I spoke with the most expert cross-country skier I know, my father, Lowell McCoy, to learn his opinions about the sport and what gear new skiers should buy. He bases his opinions on 15 years of level III PSIA nordic ski instruction and rental/sales experience. And if you knew him, well, you’d know he’s pretty passionate about the sport.
“Nordic skiing is an admixture of fitness, technique, and equipment. For a satisfying experience, these three should be in balance,” he said. “Nordic skiing is a somewhat technical sport. The proper equipment makes the learning curve much lower.”

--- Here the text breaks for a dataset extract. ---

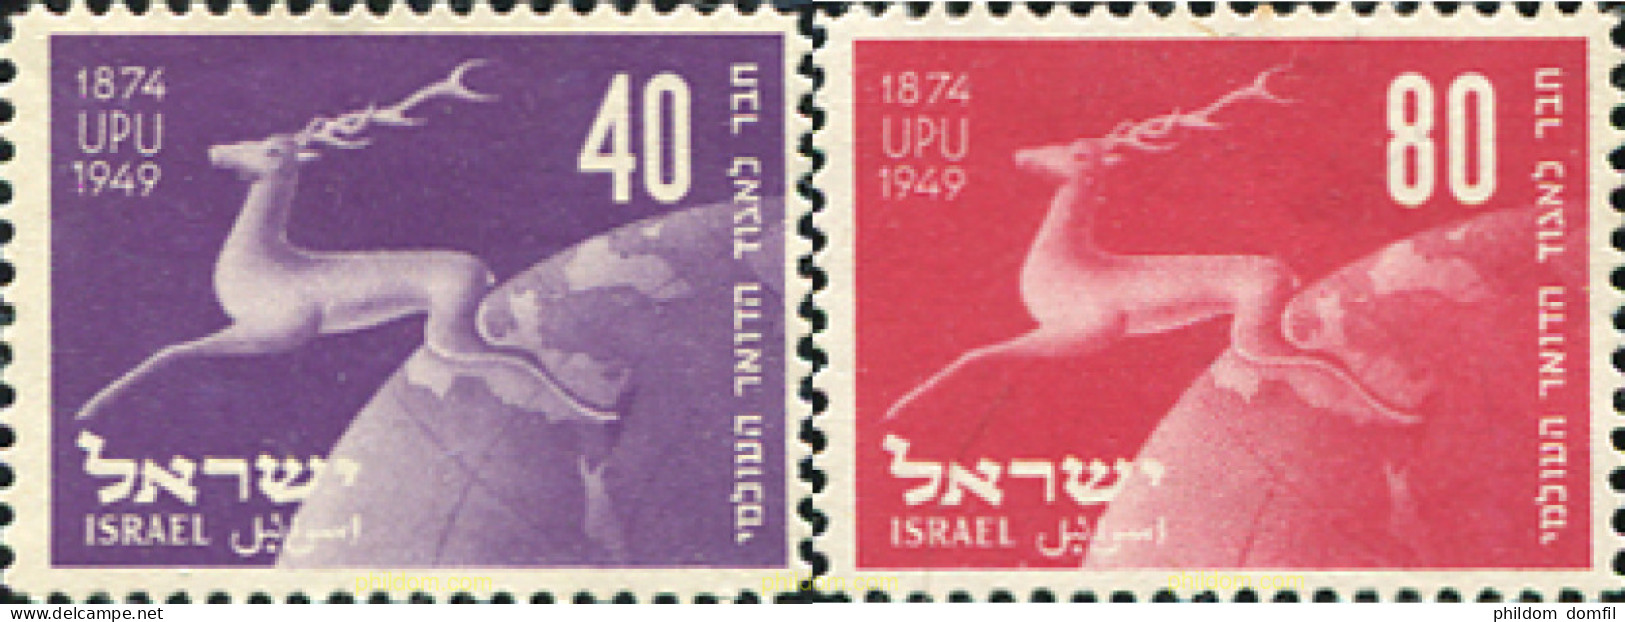 79291 MNH ISRAEL 1950 75 ANIVERSARIO DE LA UPU - Nuovi (senza Tab)

Choosing Cross-Country Skis: Which Style Is Right for Me?
Before jumping into specific choices, a few words about cross-country ski styles: Nordic skiing breaks down into classic, skate, and touring designations.
Classic and touring skis are similar in that both require a forward and back striding motion to move the skier forward. Touring skis are wider and meant for use off groomed trails.

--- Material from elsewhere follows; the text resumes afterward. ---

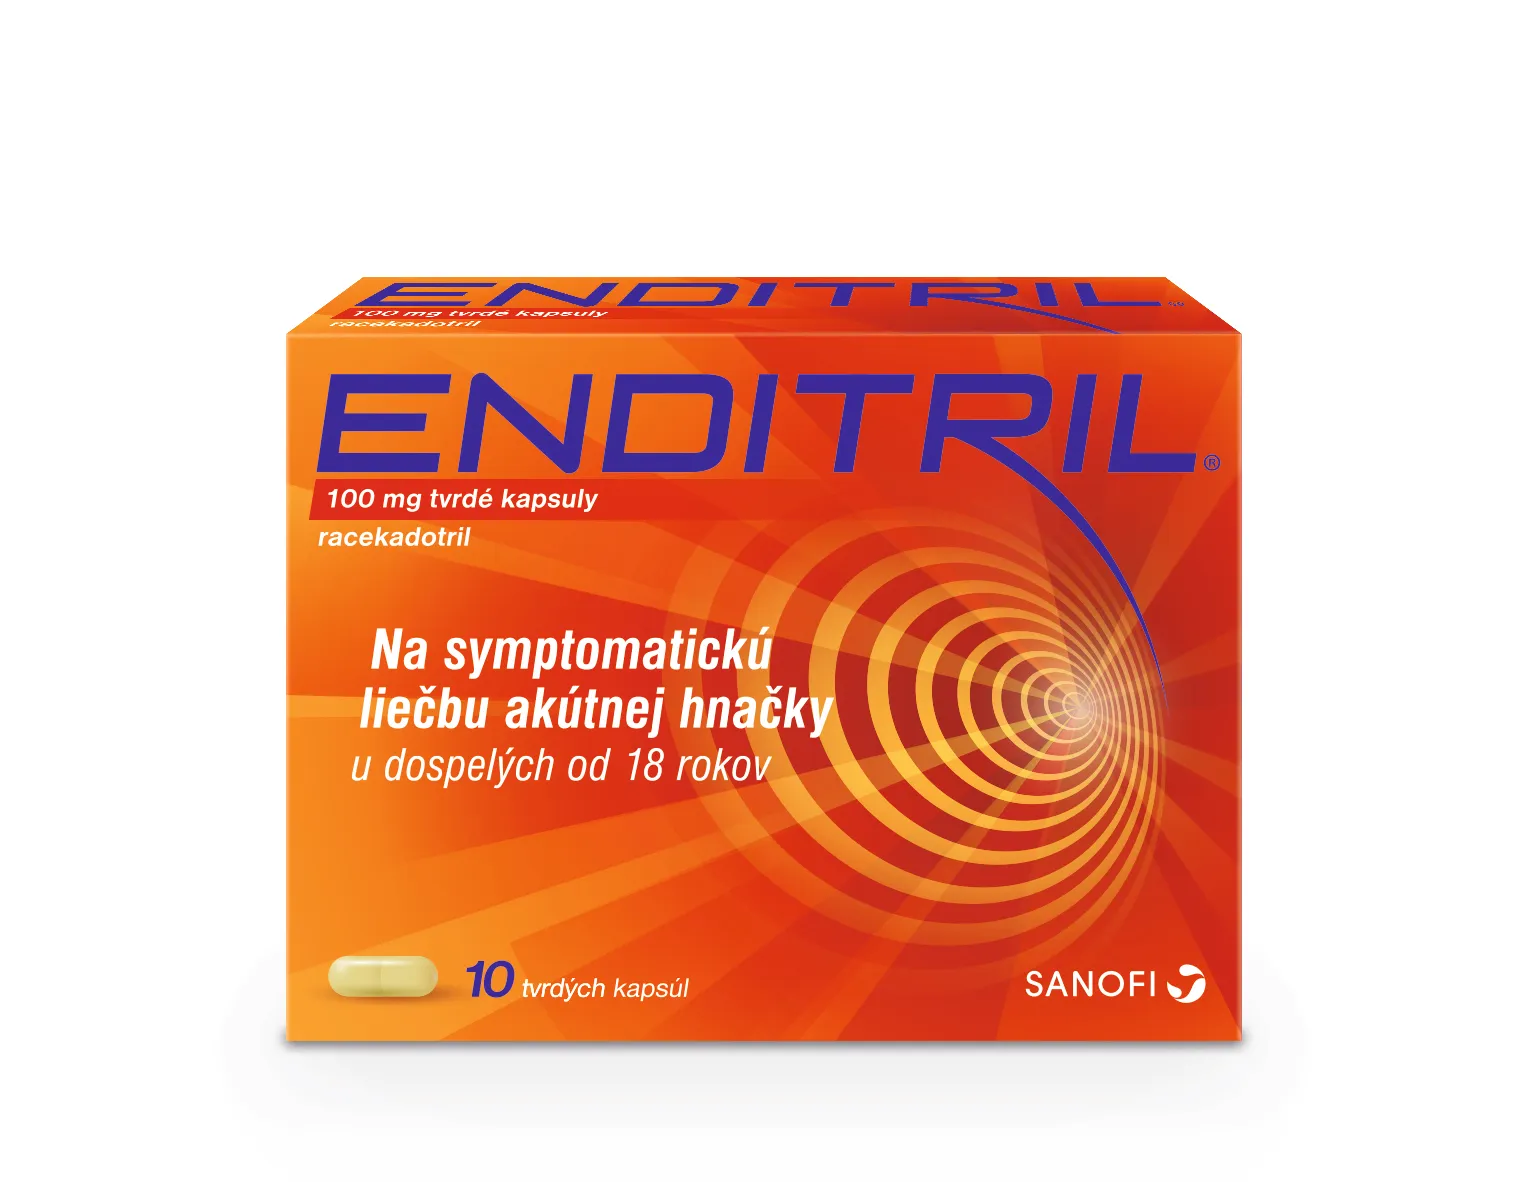 Enditril 100 mg 10 kapsúl 1×10 cps, liek

Skate skis work with a sideways push-off, similar to that used by ice skaters. They’re only meant for groomed trails.
Many websites lump backcountry skis and cross-country skis together, but they have very little in common. So I’m not including any backcountry skis (which use different boots and bindings and focus on downhill performance) in this article.
But I will include a few metal-edge touring skis — and explain when they make sense.
So let’s jump into the meat of it: the best skis for cross-country skiing, by category. At the bottom of this article, find more advice about purchasing cross-country ski gear, including fit, fitness level, and more.
This article is for beginner and intermediate skiers; experts are probably well beyond this story.
The Best Cross-Country Skis of 2021
Best Cross-Country Skis for Beginners: Rossignol Evo Series with TURNAMIC Bindings
Rossignol makes a few versions of its excellent and affordable Evo Series cross-country skis. And for beginners, we like the Evo XC and Evo XT. The Evo XC 60 Posigrip Cross-Country Skis with TURNAMIC Bindings ($265) come mounted and ready to go.
These classic skis have a shorter, wider footprint than many more advanced skis. This makes them easy to turn and maneuver for beginners. The base has a Posigrip pattern that grips snow during your kick and requires little maintenance other than some glide wax.
Great Cross-Country Skis for Beginners: Fischer Fibre Crown EF with TURNAMIC Bindings
The Fischer Fibre Crown EF is a bit of an ATV of cross-country skis. It excels for classic skiing in packed snow and ungroomed trails. The Vario Crown textured bases give good kick, grip, and glide. Fischer builds these skis for everyone from the beginner to the more advanced skier who wants to get off the groomed trails and explore social paths.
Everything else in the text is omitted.